In the conventional circuit it stays constant, in the adiabatic circuit
it decreases. But note that to maintain a fixed power level we have
to increase the amount of hardware in proportion to the clock slowdown.
The overall tradeoff between power, performance, and hardware cost offered by the adiabatic approach is that power P is proportional to R-squared over H, where R is the rate of computation, and H is the hardware cost. So for example, one can reduce total power by 100x by either decreasing total performance by 10x, or by increasing hardware by 100x and maintaining the same performance, or something in between. Or, one can increase performance by 10x within a fixed power budget by increasing hardware by 100x.
This scaling is not ideal, but in extreme situations where the power and/or cooling costs are completely dominant over the cost of the computational components themselves, one might be willing to increase one's budget for transistors in order to pack in a higher total rate of computation for less power.
(a) A very limited power budget, due to limitations on the power supply or cooling system,
(b) The problem that conventional techniques are incapable of achieving the required performance within the given power budget, and
(c) The computational part of the system is a small enough fraction of the total system cost so that the adiabatic hardware multiplier is not a problem.

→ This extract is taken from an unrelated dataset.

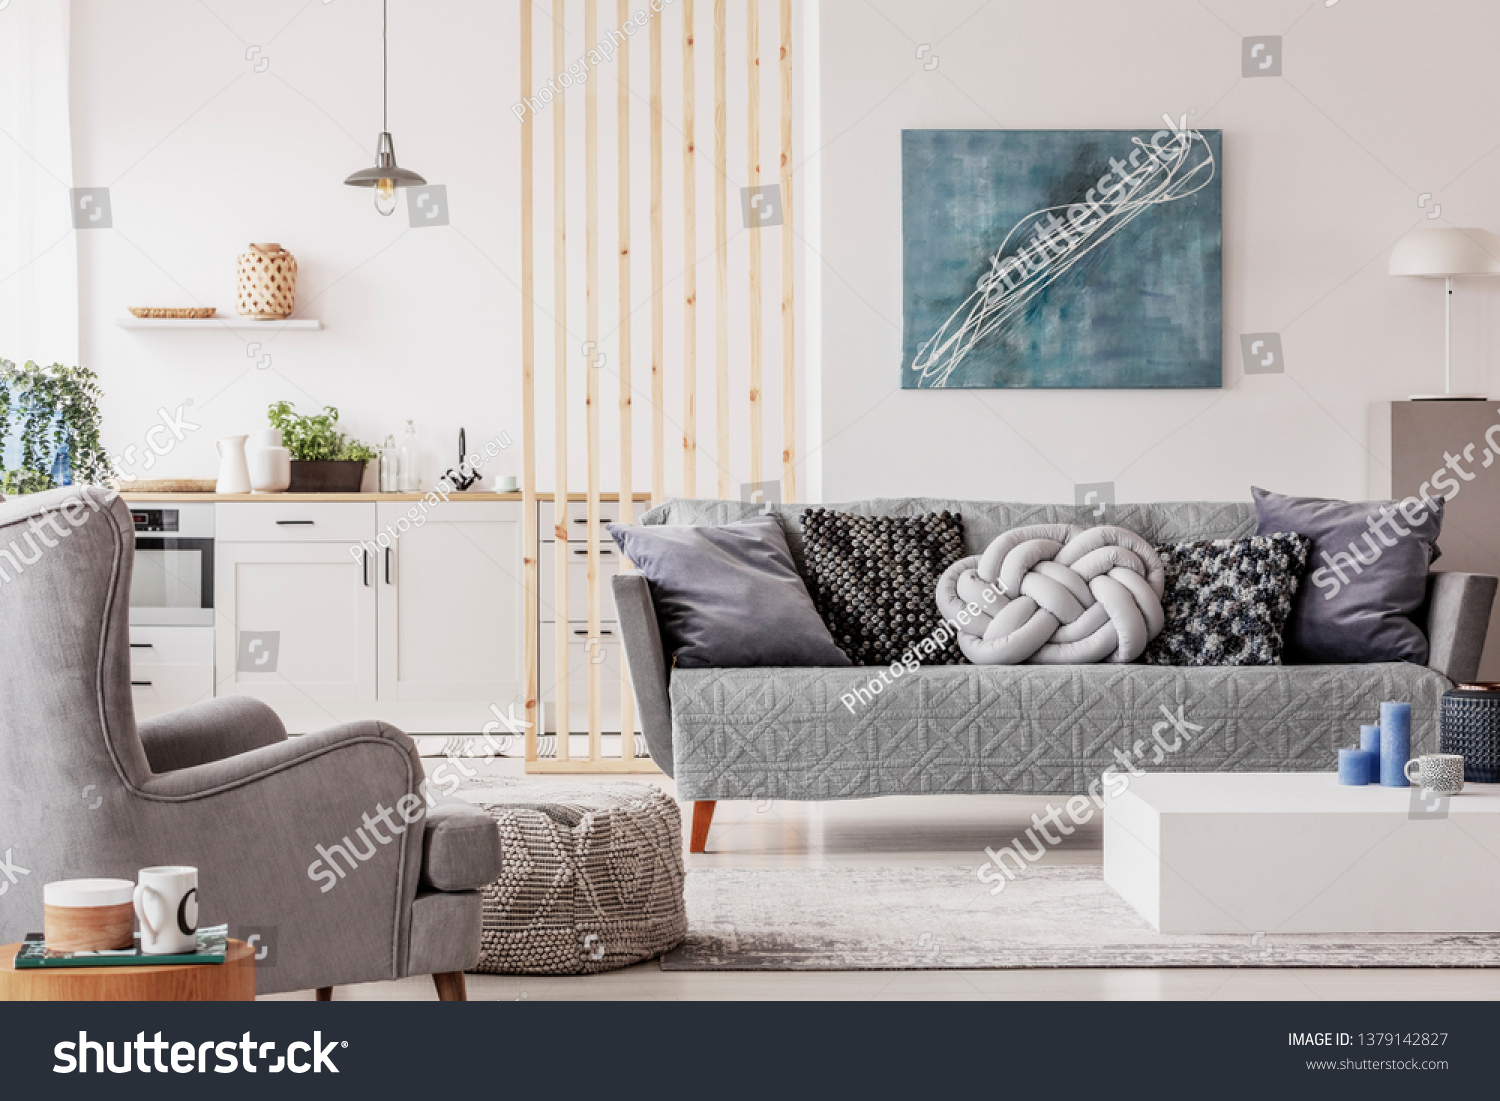 Open plan studio apartment with small white kitchen and living room with grey couch and wooden coffee table #1379142827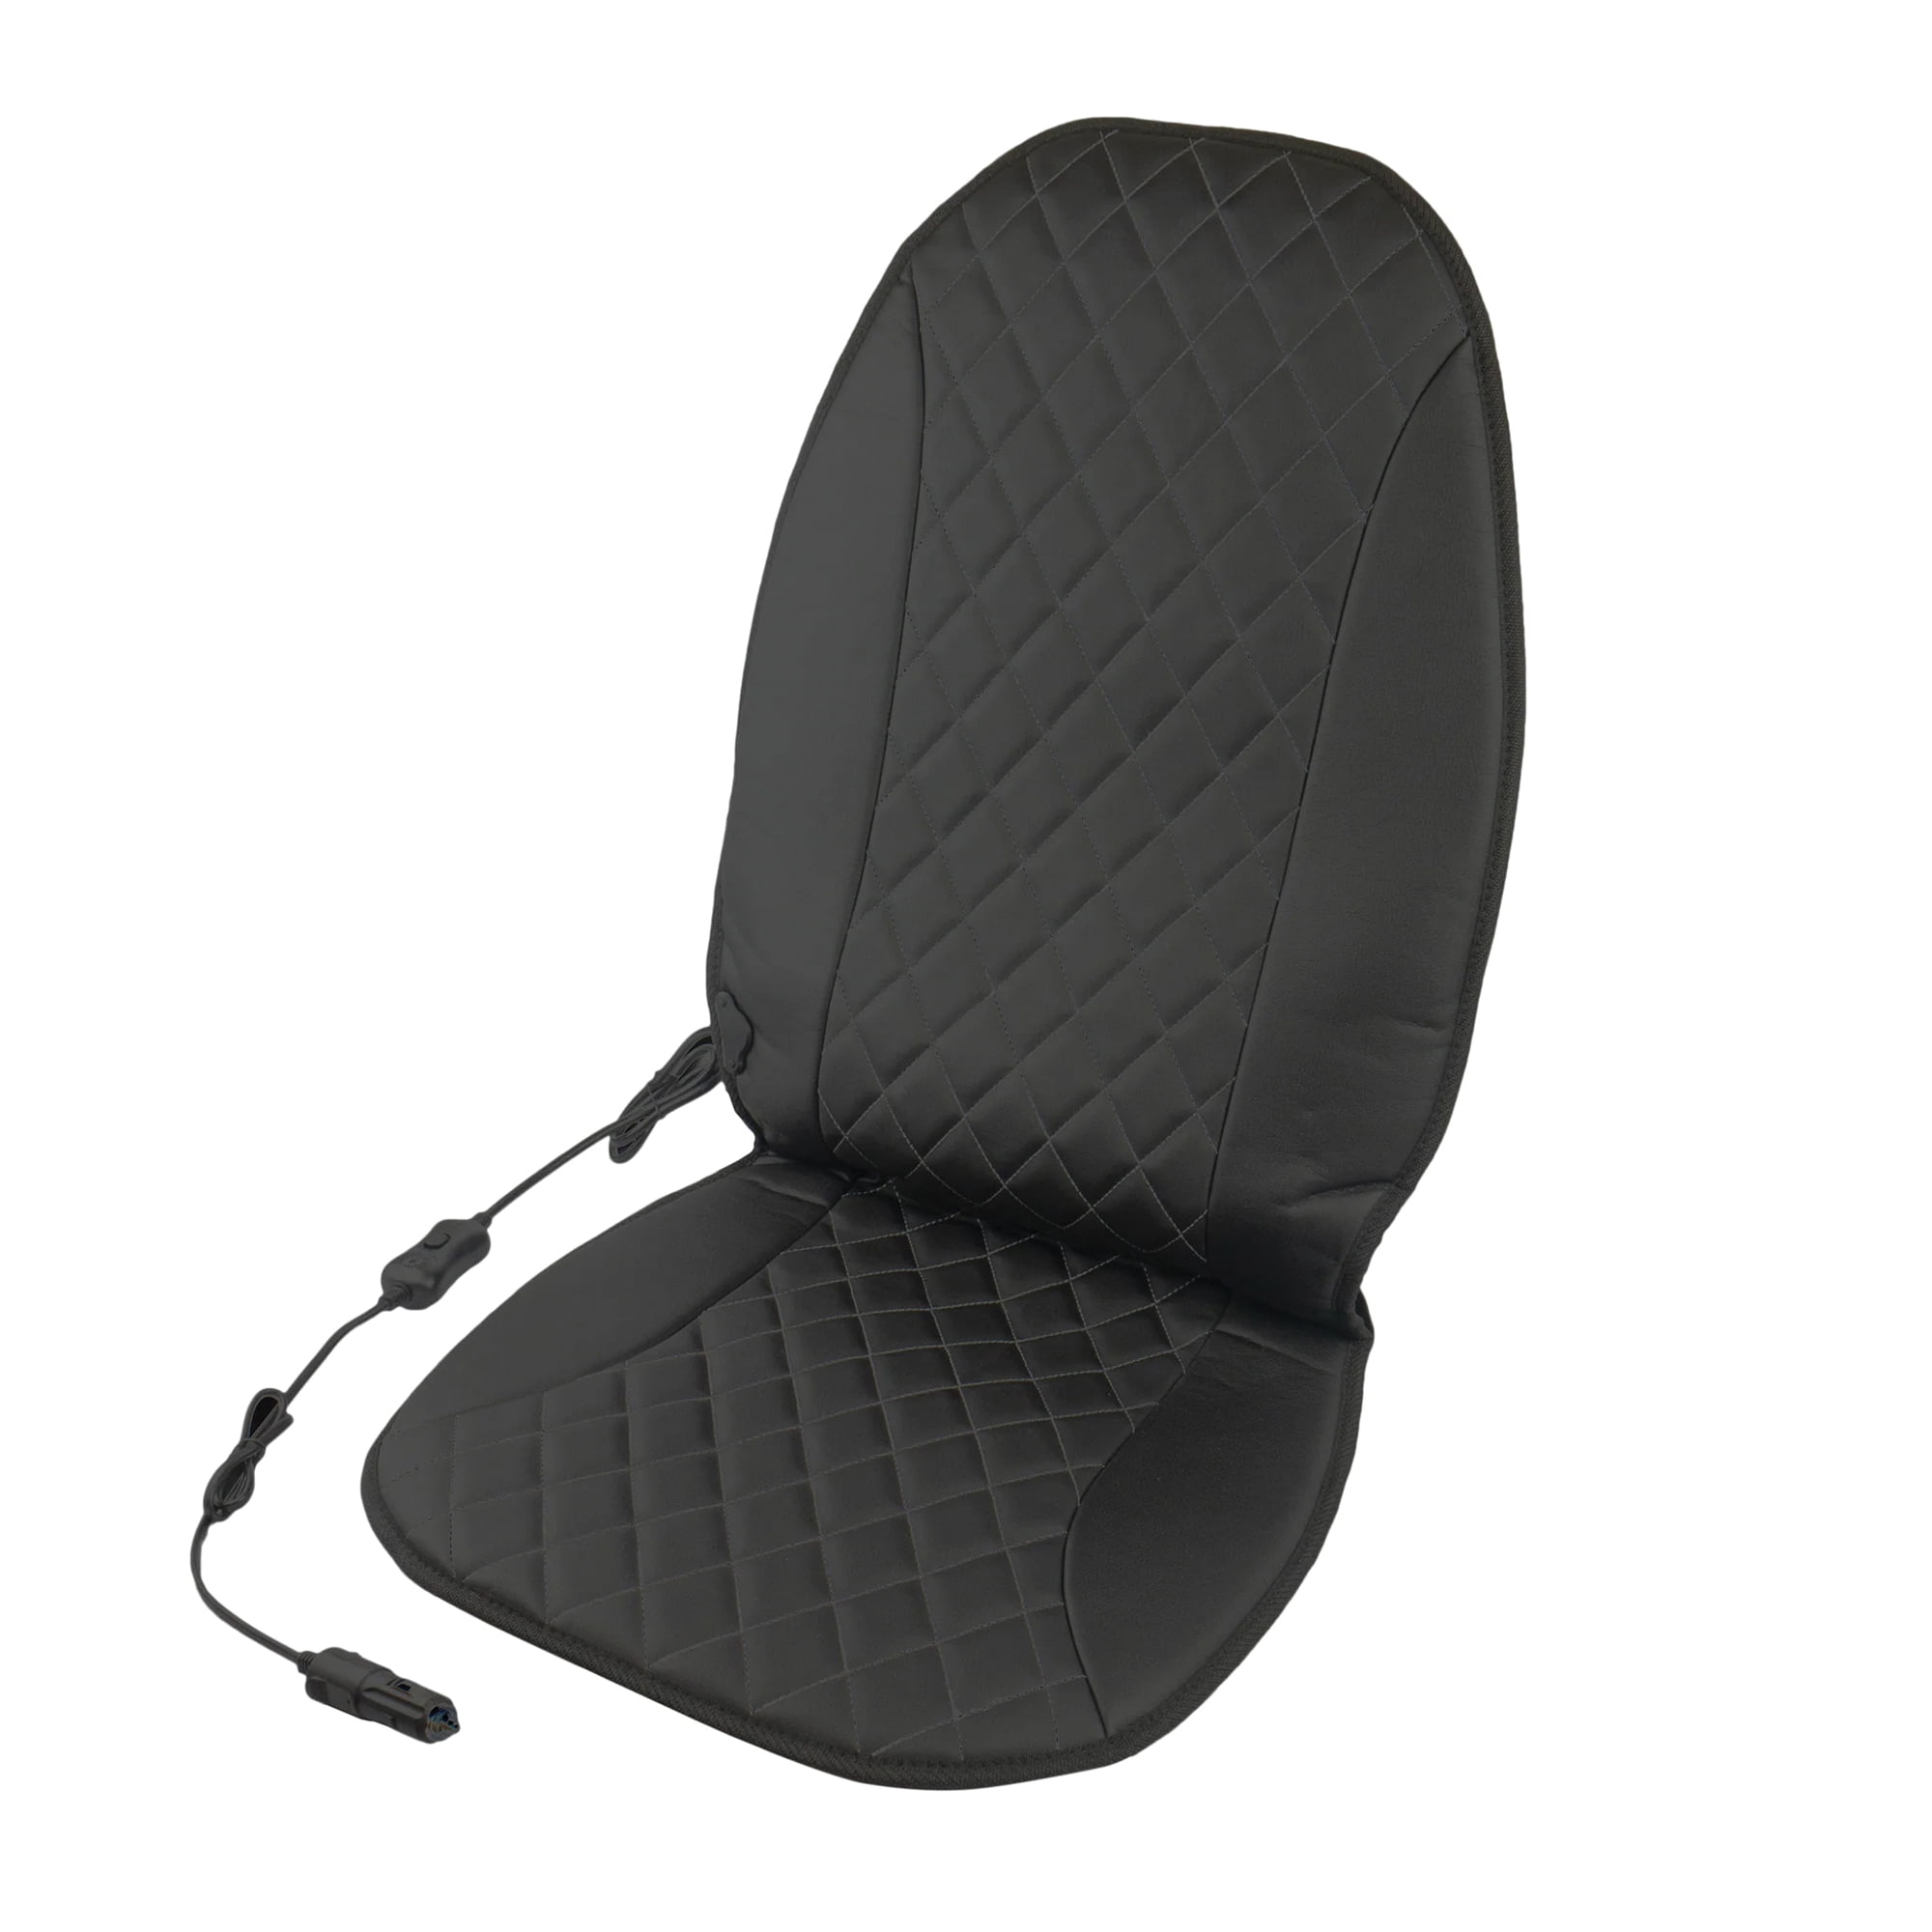 HealthMate 12-Volt 42 in. x 20.5 in. x 0.3 in. Luxury Heated Seat Cushion  IN9432 - The Home Depot

For increasing performance, the cost of simply supplying 10x as much power has to be greater than the cost of providing 100x more computational components, in order for the adiabatic approach to be beneficial. This is a pretty severe constraint.
Still, I and others are looking around for potential applications in areas such as: Hand-held / wearable / portable devices, implanted medical devices, embedded systems in field equipment, and spaceborne systems, where both power and cooling systems are particularly expensive due to the high weight-related costs of space vehicles.
There are some groups working on applying adiabatic circuit techniques in the near term, but the problem of increasing leakage currents probably means that the technique won't remain viable as we approach the limits of semiconductor technology, at least, not unless low-temperature operation starts to become required for other reasons as well.
But, for alternative types of technology, beyond semiconductors, we will see later that reversible approaches seem to be beneficial.
Anyway, in the next couple of lectures we will show how it is possible to build an entire computer based entirely on these adiabatic switching principles.